Depois de longos dias dei comigo a meditar.
Neste mundo, cada vez mais é difícil perceber os sinais.
Apenas consegui sentir o nascimento de Jesus quando fechei os olhos e me distanciei de toda aquela algazarra e correria.
Muita luz, muita gente, muitos carros e enfeites e afinal, foi somente quando me virei para dentro de mim, para aquele mundo onde apenas eu habito, que encontrei Aquele que quer morar comigo – o menino Jesus.
Não consegui sonhar de novo aquele momento, mas também não foi preciso. Uma frase conhecida tilintou nos meus ouvidos: “Deus quer, o homem sonha, a obra nasce”. Depois de muito procurar percebi o que ela me queria dizer naquele Natal.
Deus quis que o seu Filho nascesse, Maria e José sonharam com o nascimento de Jesus e o Deus menino nasceu e fez a sua obra.
Já não sou criança, para ter que regressar ao mundo dos sonhos para viver e sentir o calor e sorriso daquele recém-nascido.
Agora sei que Ele está presente e que nada no Natal tem sentido sem eu O procurar de novo no sítio onde o conheci – dentro de mim.
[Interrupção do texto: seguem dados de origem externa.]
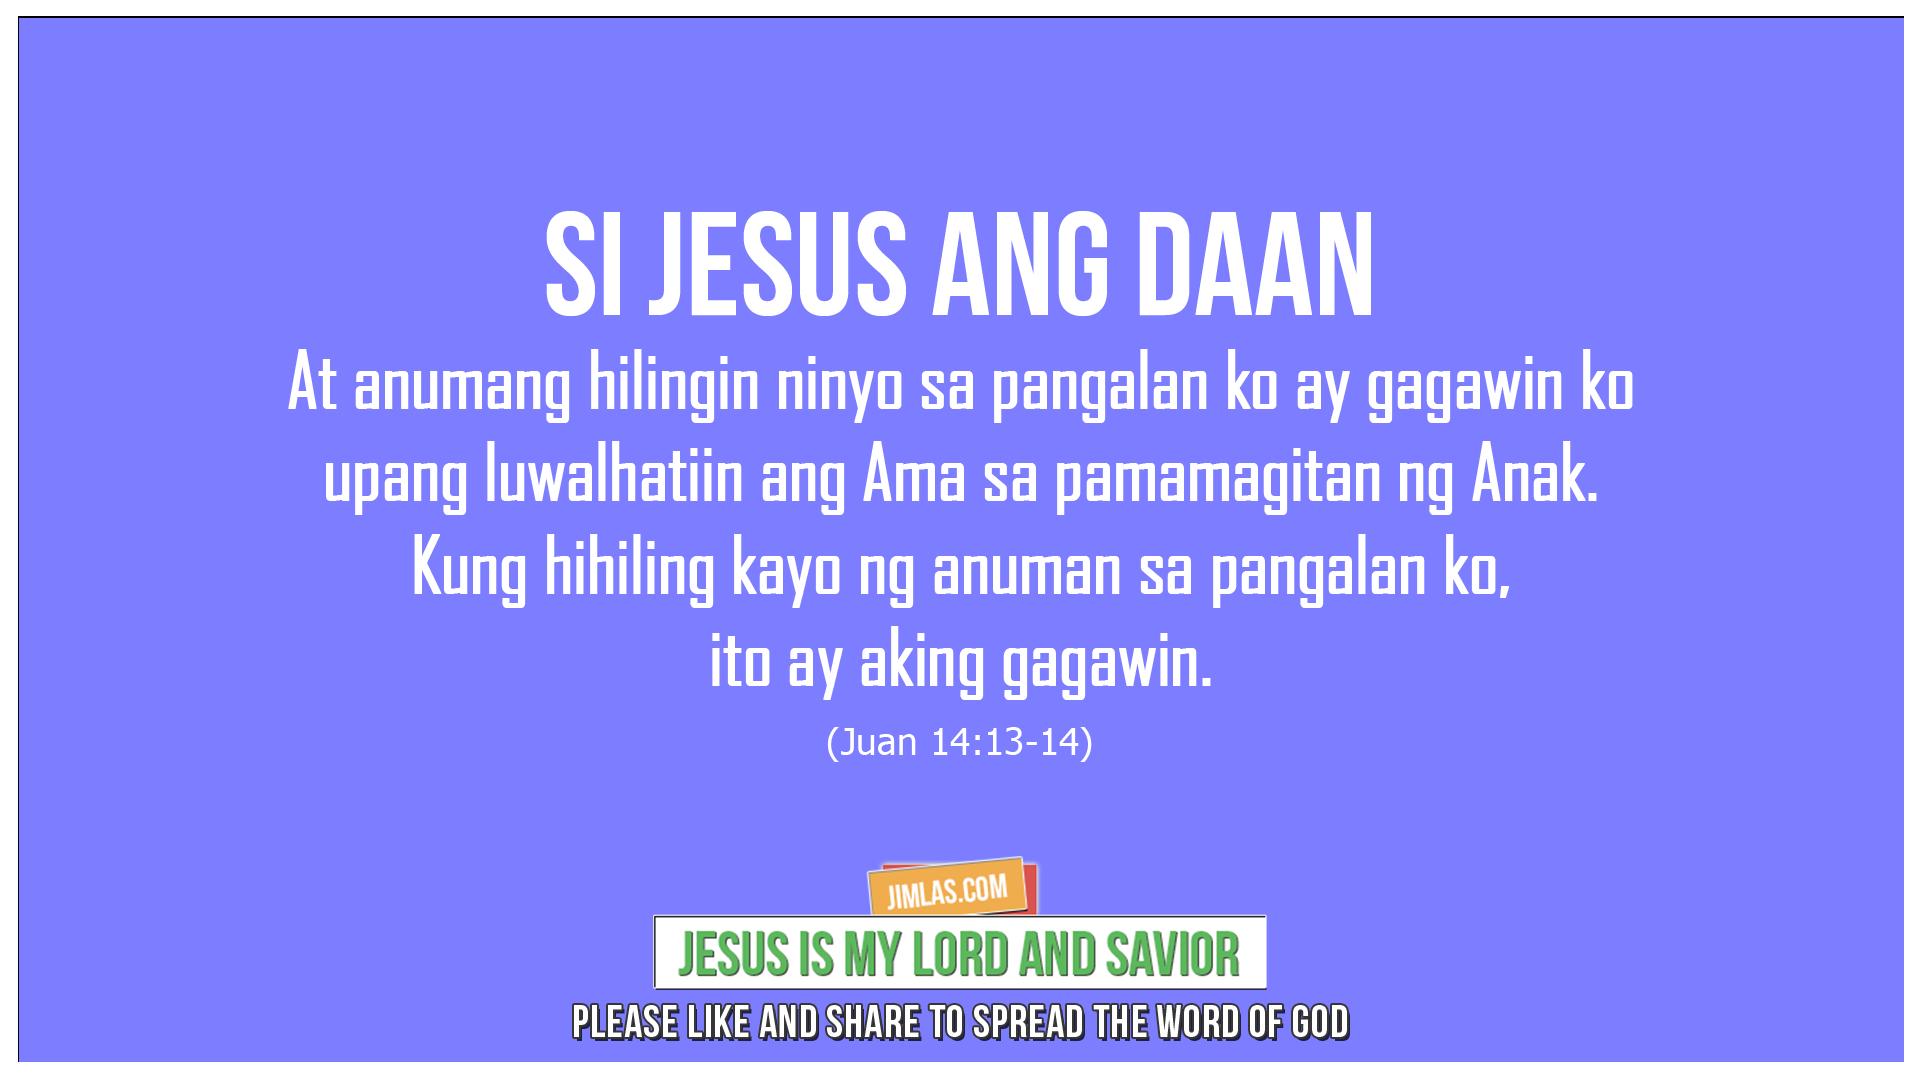 Juan 14 13-14, Juan 14:13-14

Uma pergunta ainda me incomoda: quem seria aquele sujeito que estava a tirar fotos por 10€, no grande edifício, com muitas lojas e filas e se chamava Pai Natal?É daquelas perguntas que não me inquietam, porque esse sujeito mentiu-me: disse que o menino Jesus não existia; e eu sei que Ele existe.
Sinto-O agora dentro de mim.
Curiosamente quando relembro esta história, o momento que melhor recordo, foi quando peguei nos meus braços Aquele bebé, parecia ter o mundo nas mãos.
Agora sei que é o meu mundo que está nas mãos dele.
Olha lá, já tiveste oportunidade de viver este sonho?